DIRECTIONS FOR THIS TASK
Look below for the line with "Des couleurs étonnantes en parfait état.", then repeat it and all lines after it, exactly, minus any pictures.

RECORDS FOR PROCESSING
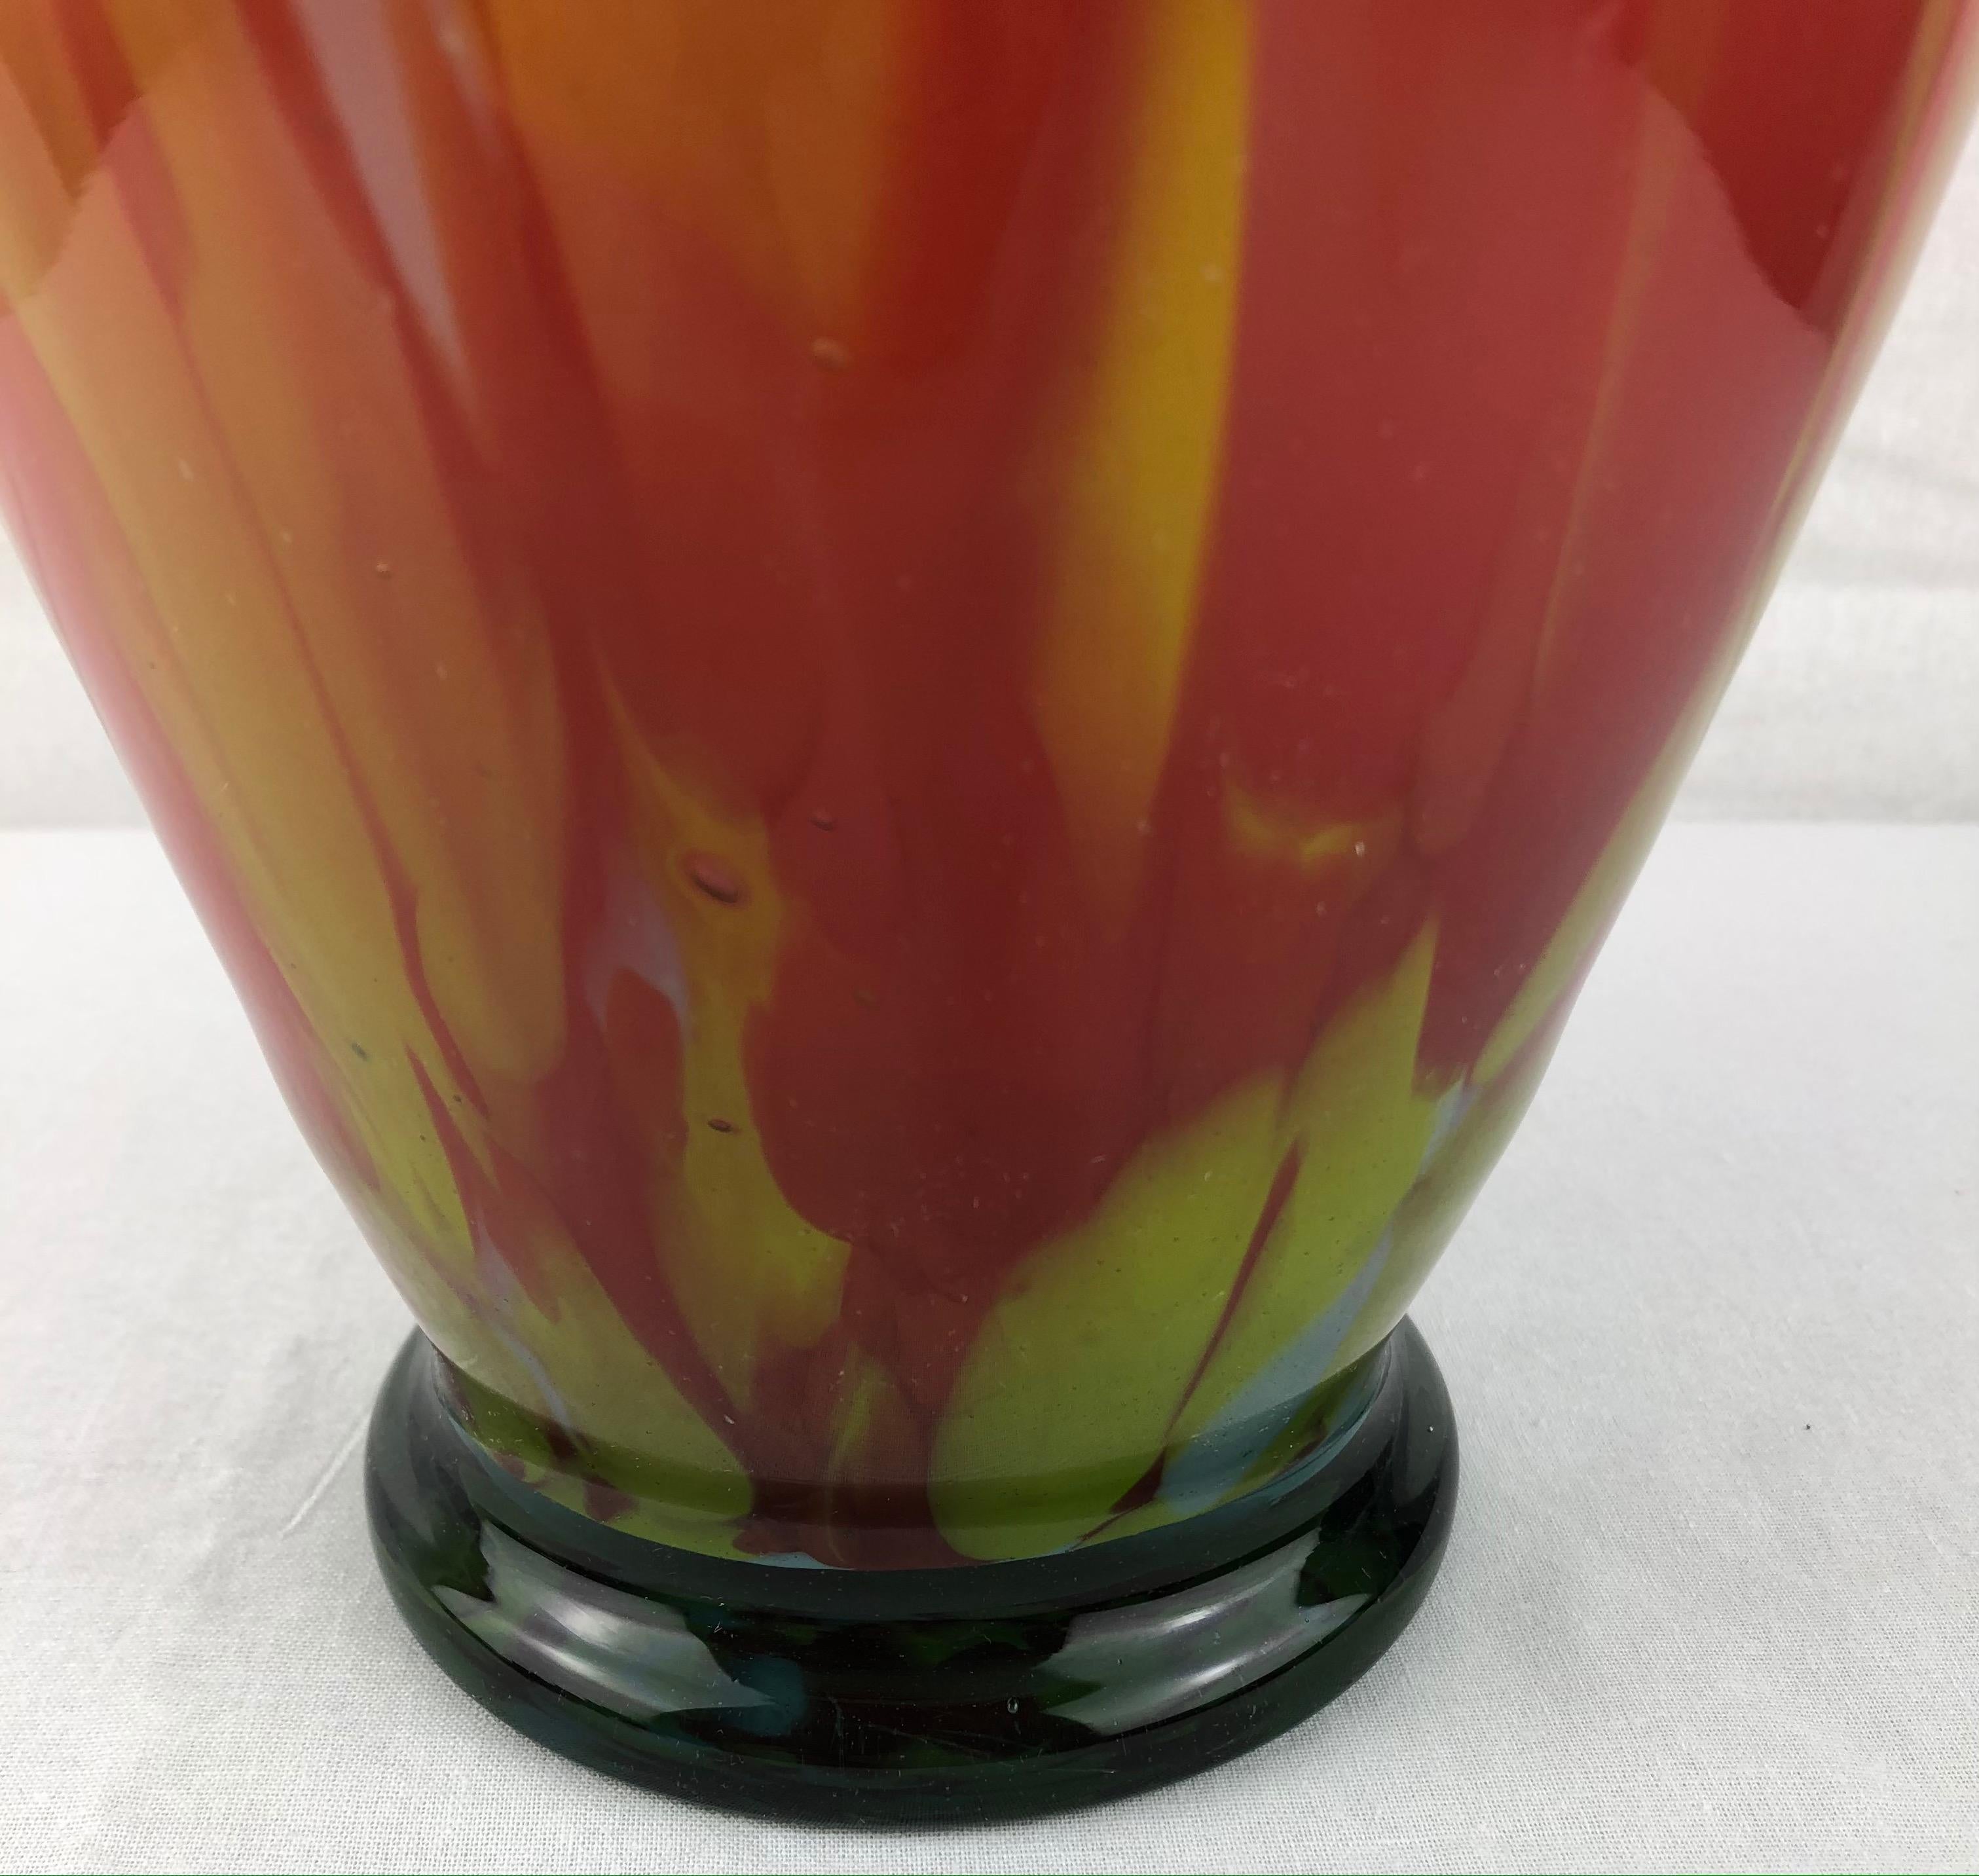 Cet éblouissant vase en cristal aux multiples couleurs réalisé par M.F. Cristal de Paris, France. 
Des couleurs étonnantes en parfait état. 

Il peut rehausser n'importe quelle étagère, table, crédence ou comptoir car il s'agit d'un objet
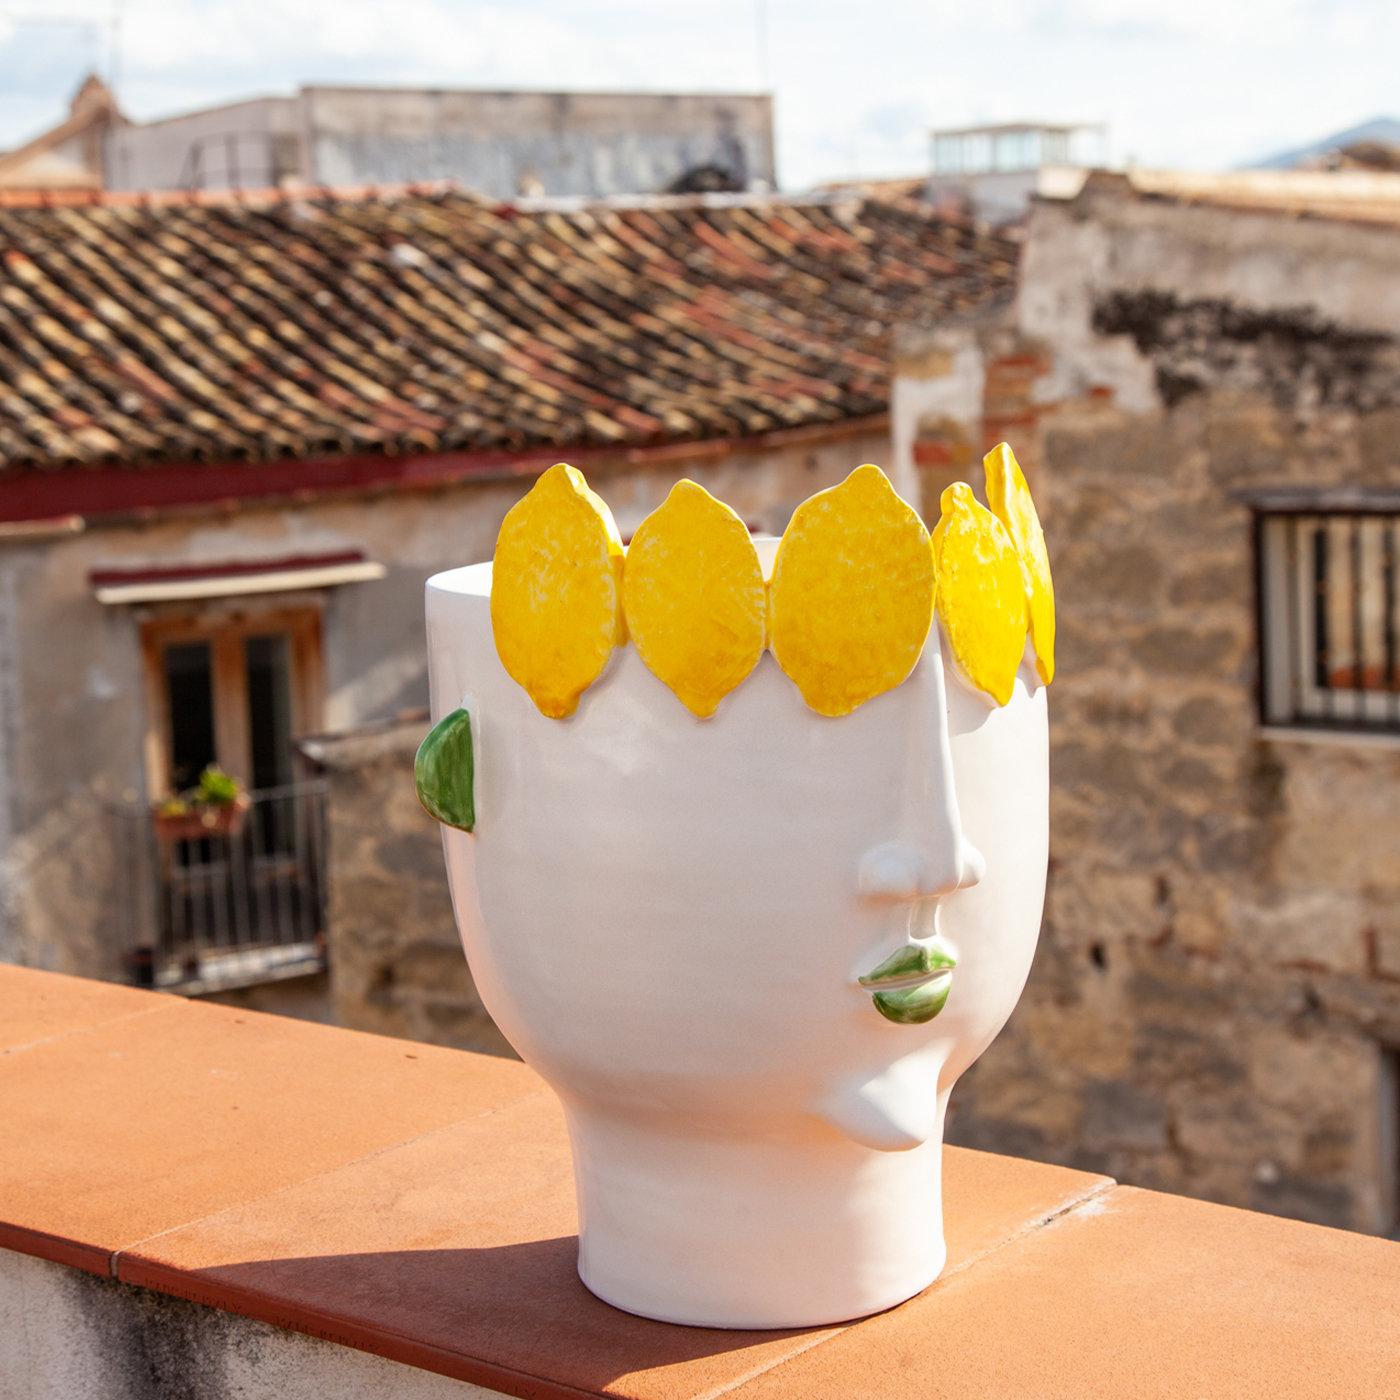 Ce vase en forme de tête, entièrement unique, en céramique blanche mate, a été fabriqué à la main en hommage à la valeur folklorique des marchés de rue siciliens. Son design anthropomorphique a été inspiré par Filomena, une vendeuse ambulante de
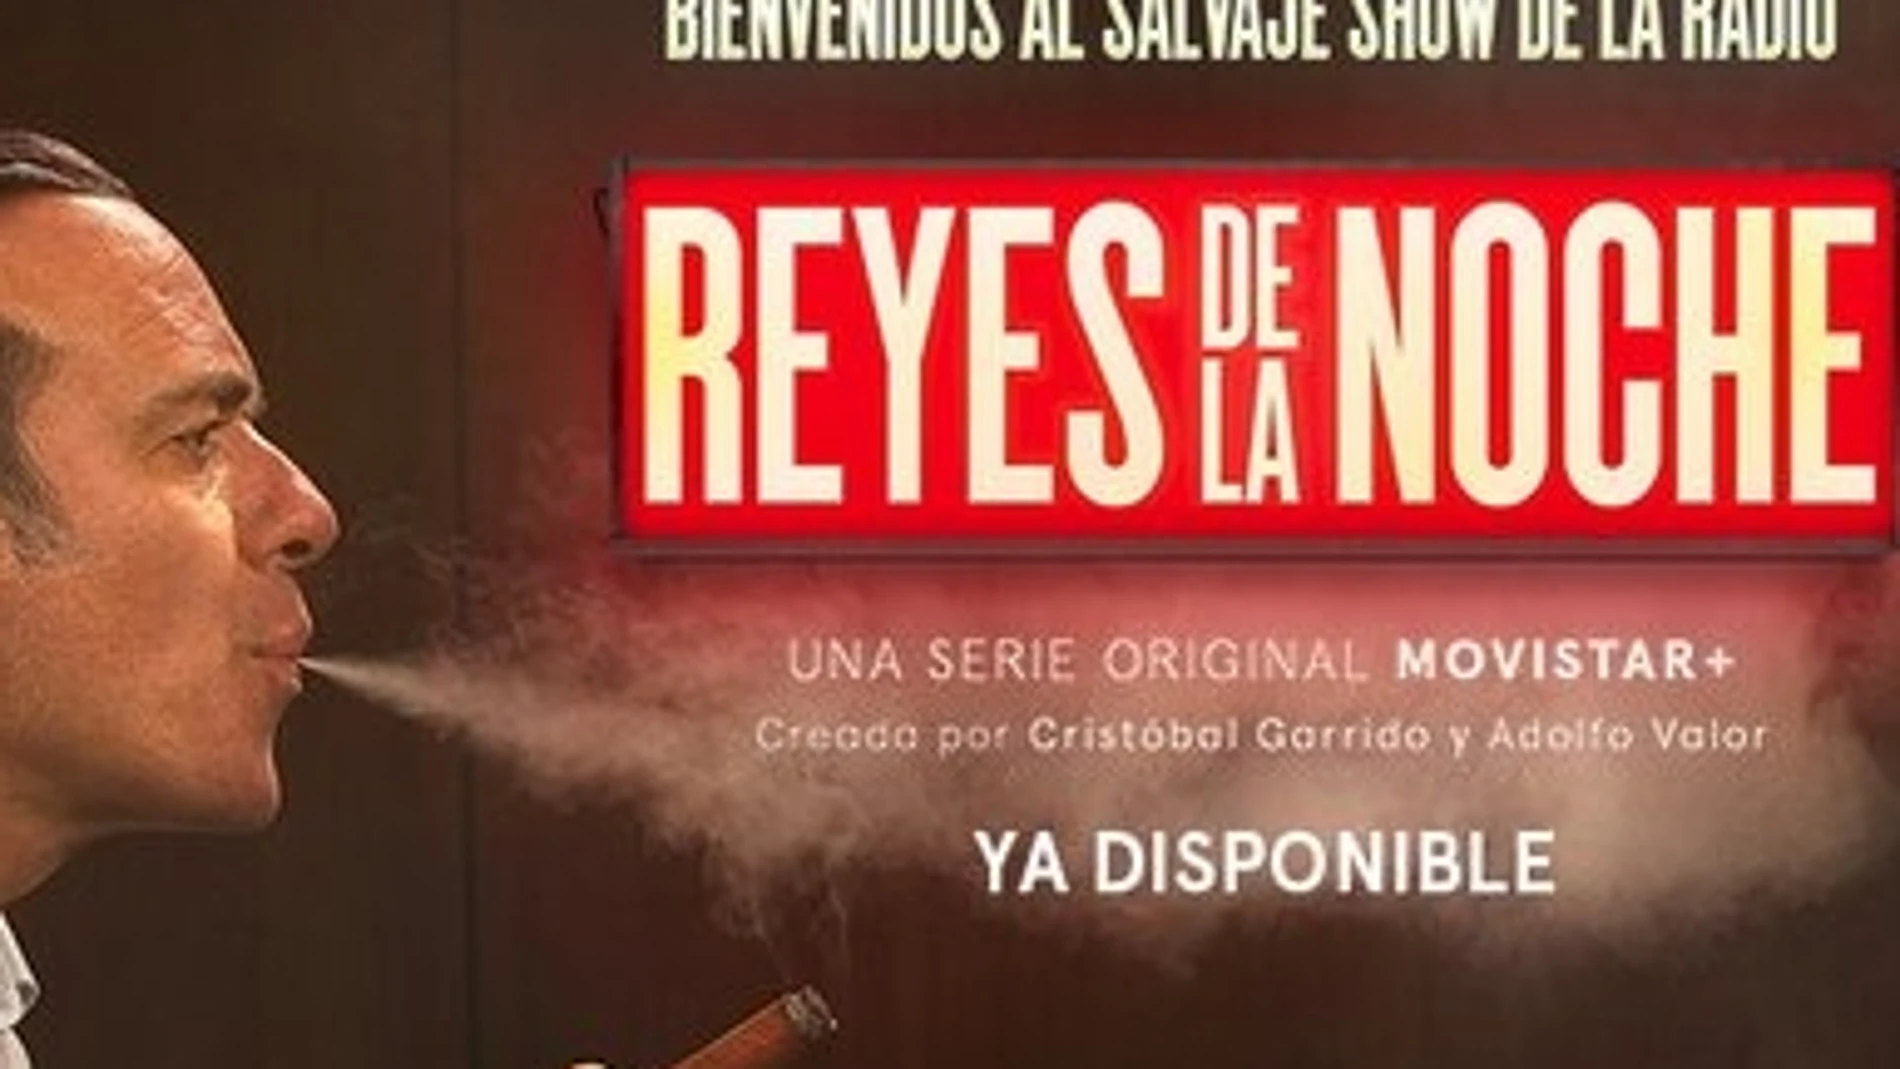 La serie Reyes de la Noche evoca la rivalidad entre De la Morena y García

RESULT OF THE EXERCISE
Des couleurs étonnantes en parfait état. 

Il peut rehausser n'importe quelle étagère, table, crédence ou comptoir car il s'agit d'un objet
 Ce vase en forme de tête, entièrement unique, en céramique blanche mate, a été fabriqué à la main en hommage à la valeur folklorique des marchés de rue siciliens. Son design anthropomorphique a été inspiré par Filomena, une vendeuse ambulante de
 La serie Reyes de la Noche evoca la rivalidad entre De la Morena y García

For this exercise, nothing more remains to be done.